Several questions arose regarding our comments on crowded altars (May 4). One reader observed that often it is not so much the number of people in the sanctuary as their behavior that causes distraction. He has a valid point.

Acolytes, readers and especially priests should strive to maintain a general ambiance of reverence and recollection while within the precincts of the sanctuary. They should avoid surveying the assembly, waving, nodding and smiling to people they know, commenting among themselves — or even falling asleep during the homily.

In other words, they should avoid any gestures that draw attention to themselves and away from the sacred action.

A correspondent from San Diego, California, asked about the practice of "Life Teen Masses." She wrote: "At my parish they are called up to the altar just before the Our Father and don't leave until after they receive Communion. Is this not in line with GIRM?"

Other readers had previously sent in questions about similar practices although referring to gathering around the altar during the entire Eucharistic Prayer.

I must admit to having very little experience regarding Life Teen. I have encountered some excellent priestly vocations that have sprung from their midst. But this does not mean that all of their liturgical practices are commendable. From the point of view of liturgical law the practice described would not be correct.

While it is true that the General Instruction of the Roman Missal or other recent documents do not specifically forbid the faithful from surrounding the altar, this is understood by the general context and by the documents determining the location of the ministers and the faithful.

With respect to the proper place for the faithful, GIRM No. 311 says:

"Places should be arranged with appropriate care for the faithful so that they are able to participate in the sacred celebrations visually and spiritually, in the proper manner.
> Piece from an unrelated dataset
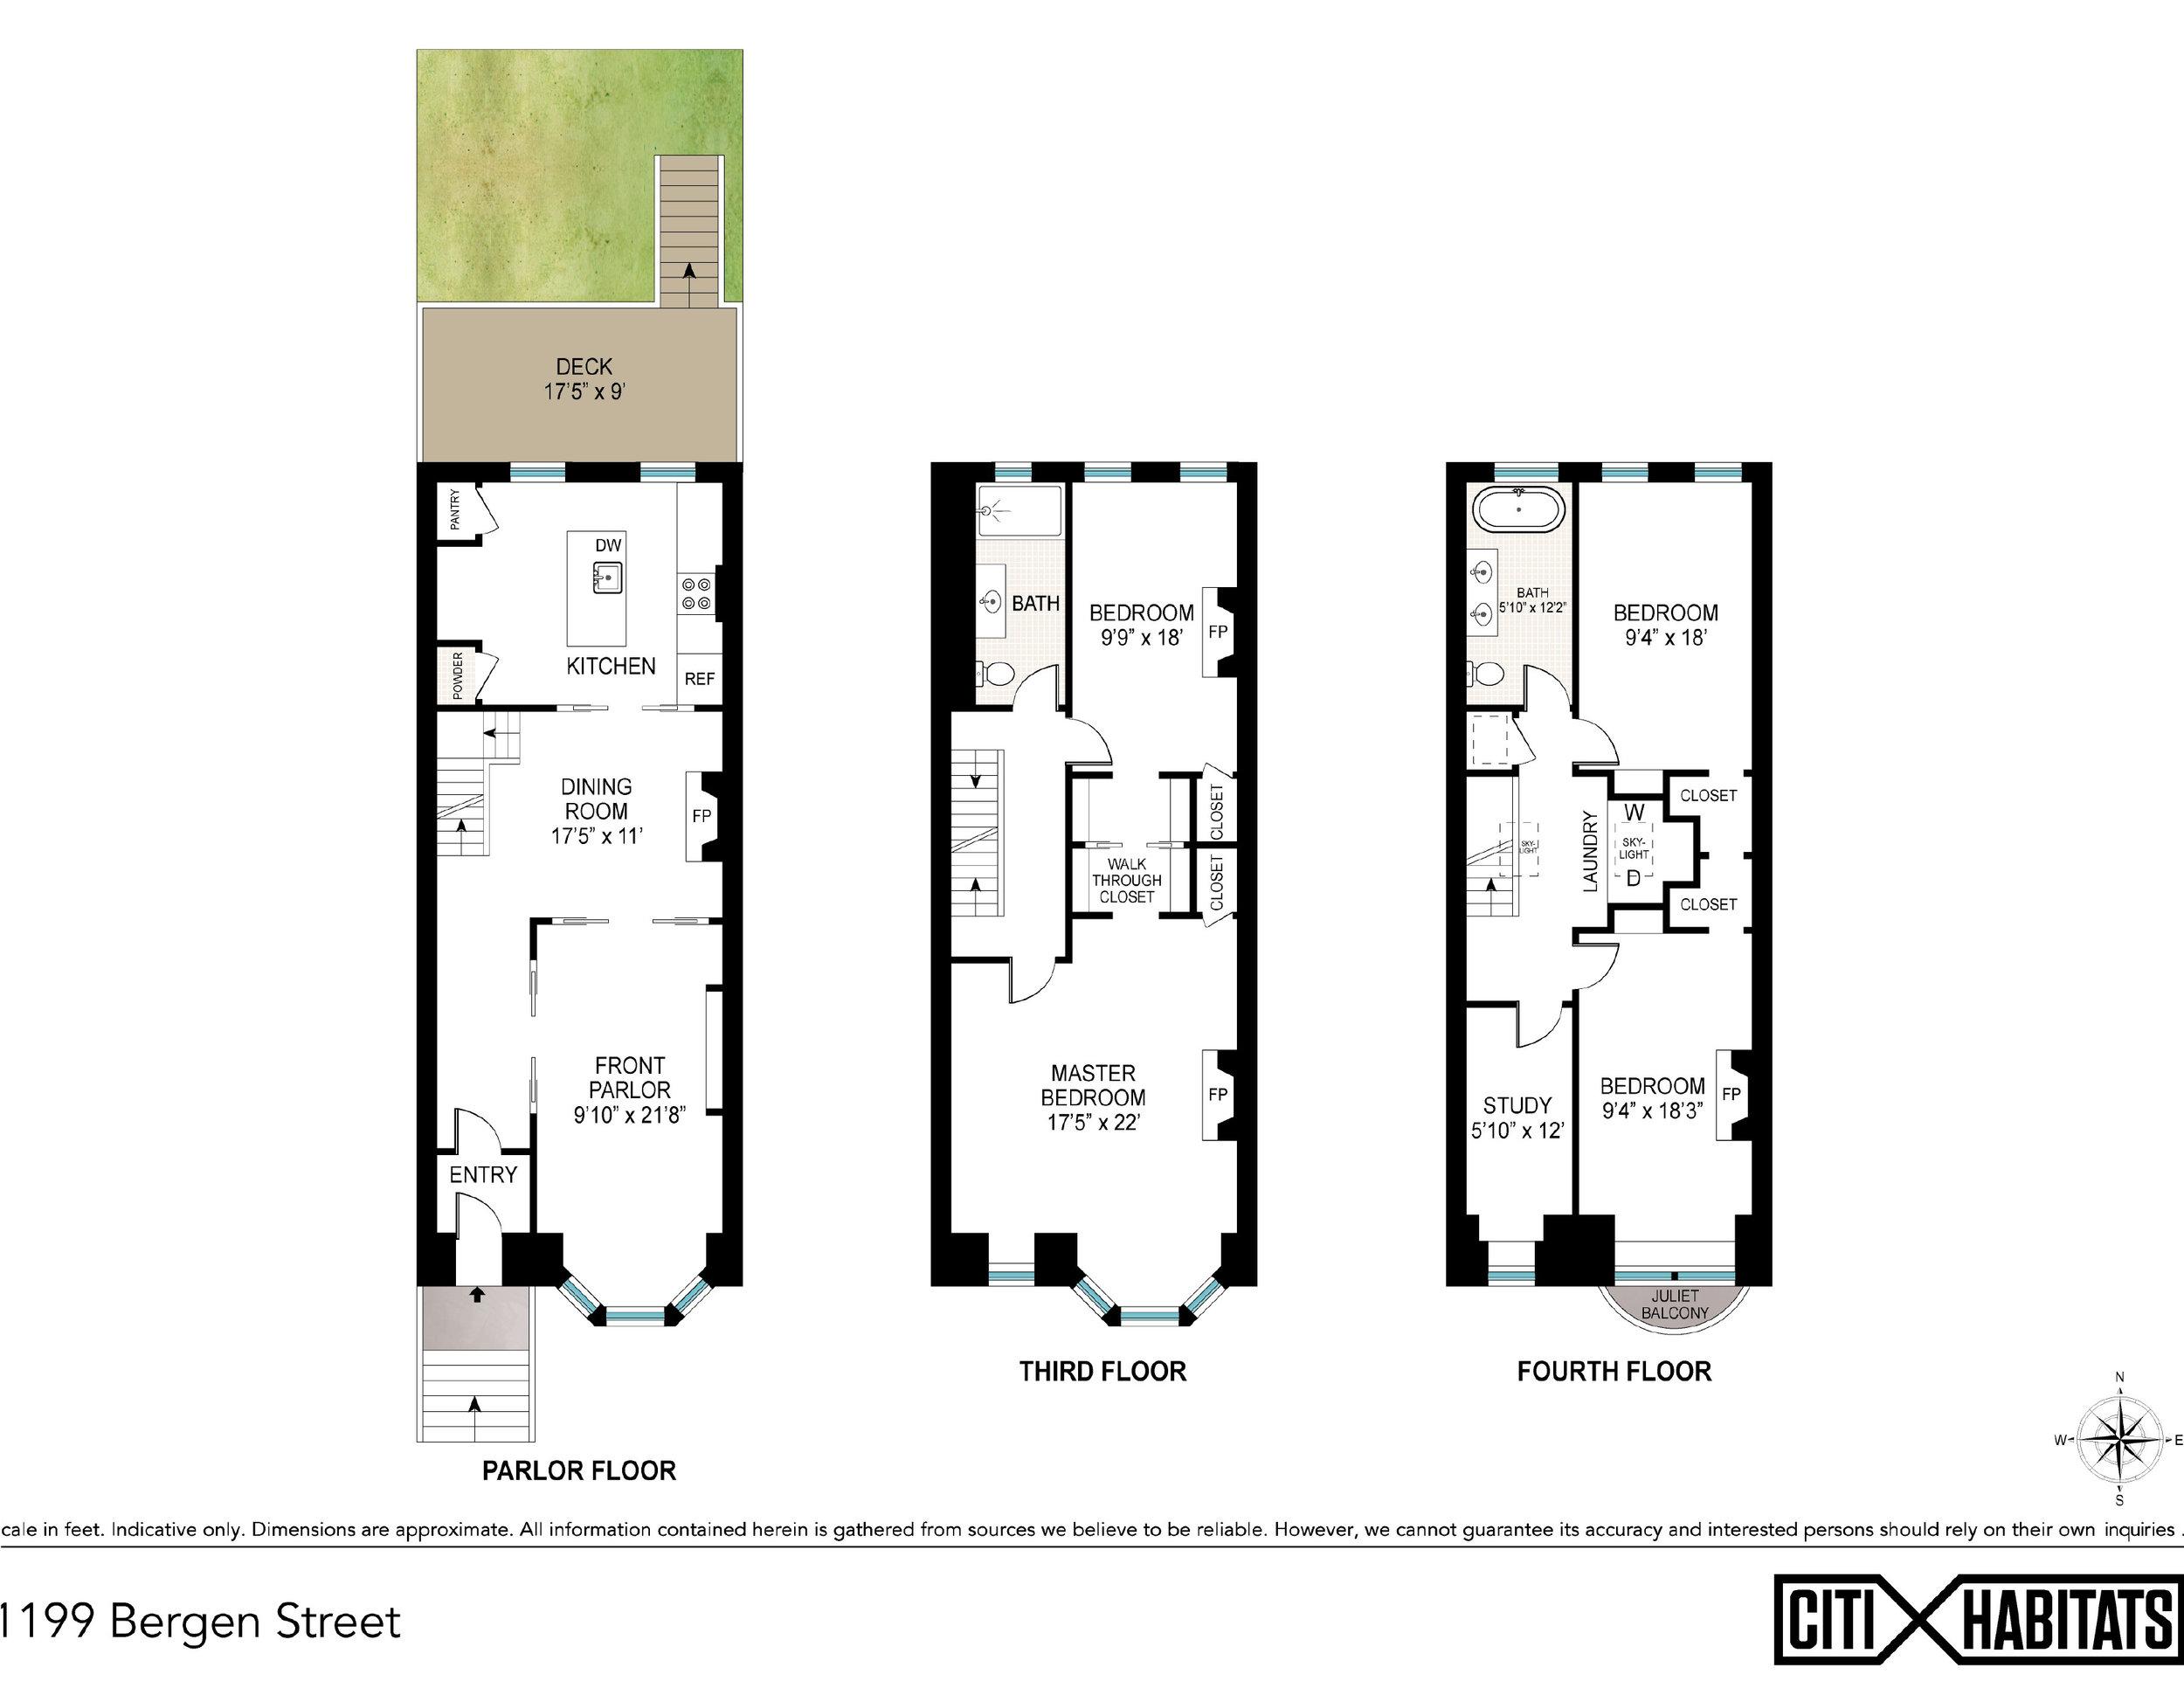 1199 Bergen floorplan.jpg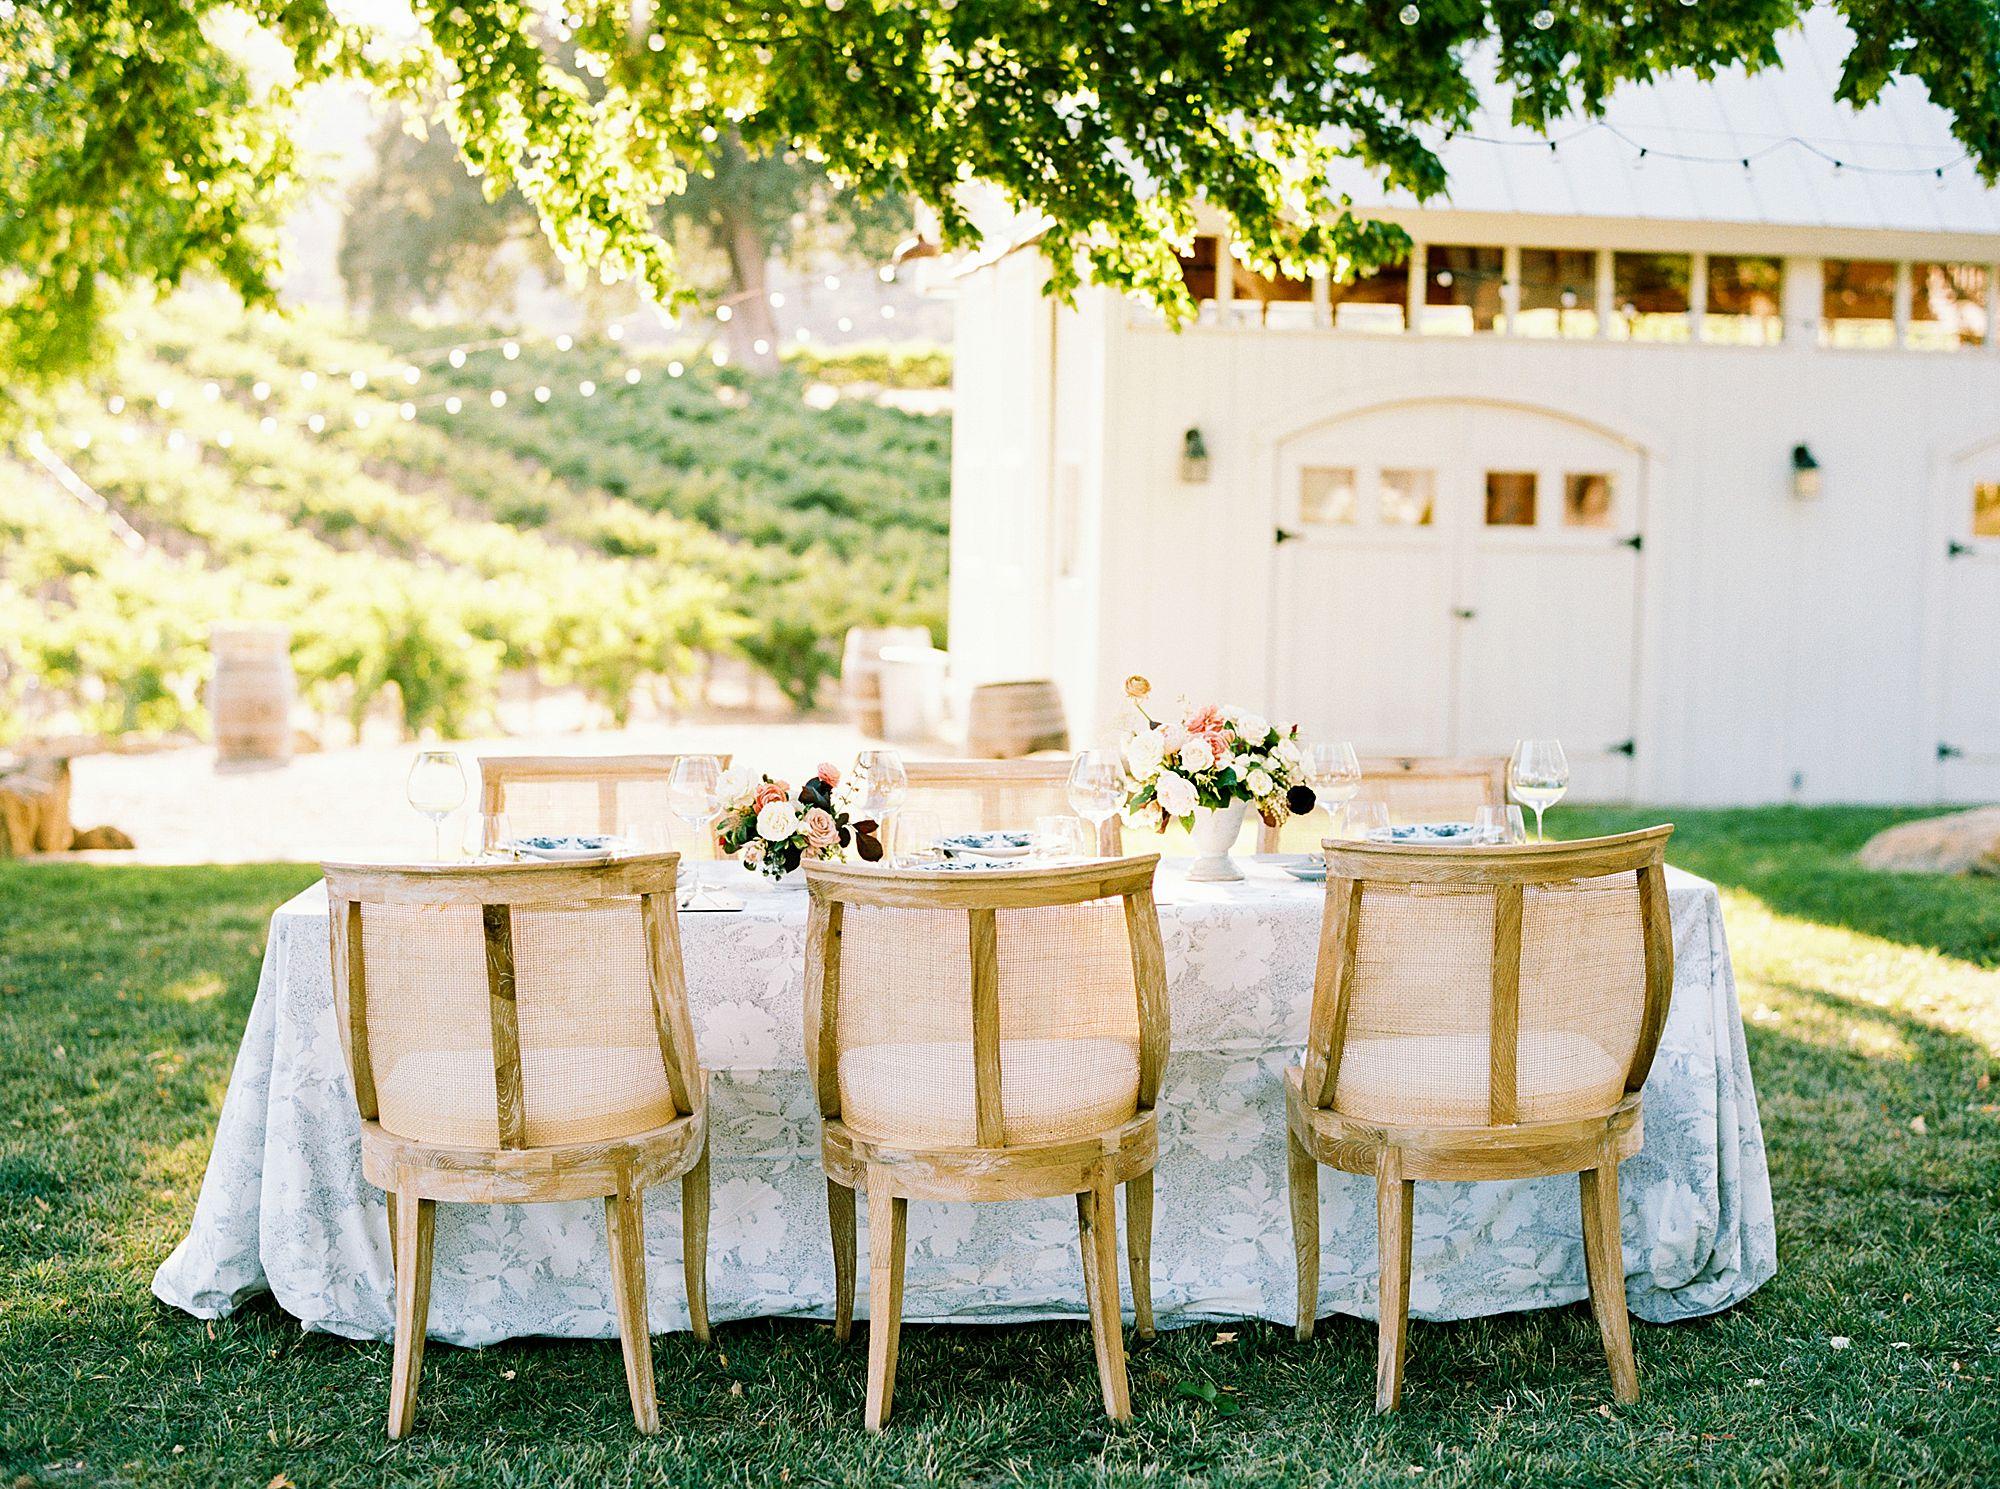 HammerSky Wedding Inspiration Featured on Hey Wedding Lady with Vanessa Noel Events - Ashley Baumgartner - SLO Wedding Photographer_0022.jpg

It is expedient for benches or seats usually to be provided for their use. The custom of reserving seats for private persons, however, is reprehensible. Moreover, benches or chairs should be arranged, especially in newly built churches, in such a way that the people can easily take up the postures required for the different parts of the celebration and can easily come forward to receive Holy Communion. Care should be taken that the faithful be able not only to see the priest, the deacon, and the lectors but also, with the aid of modern technical means, to hear them without difficulty."

Thus the practice described not only blurs the distinction between sanctuary and nave but creates a visual impediment and distraction to the rest of the congregation.

While not doubting the good faith of the promoters of these initiatives I would question if they are really necessary for the goal of bringing teens closer to Christ. Perhaps the long-term disadvantages with respect to developing a true understanding of liturgy outweigh the short-term benefits of an apparently greater active participation.

The very flexibility of the reformed liturgy surely allows for adaptation to the particular needs of adolescents while fully respecting the laws and nature of liturgy itself.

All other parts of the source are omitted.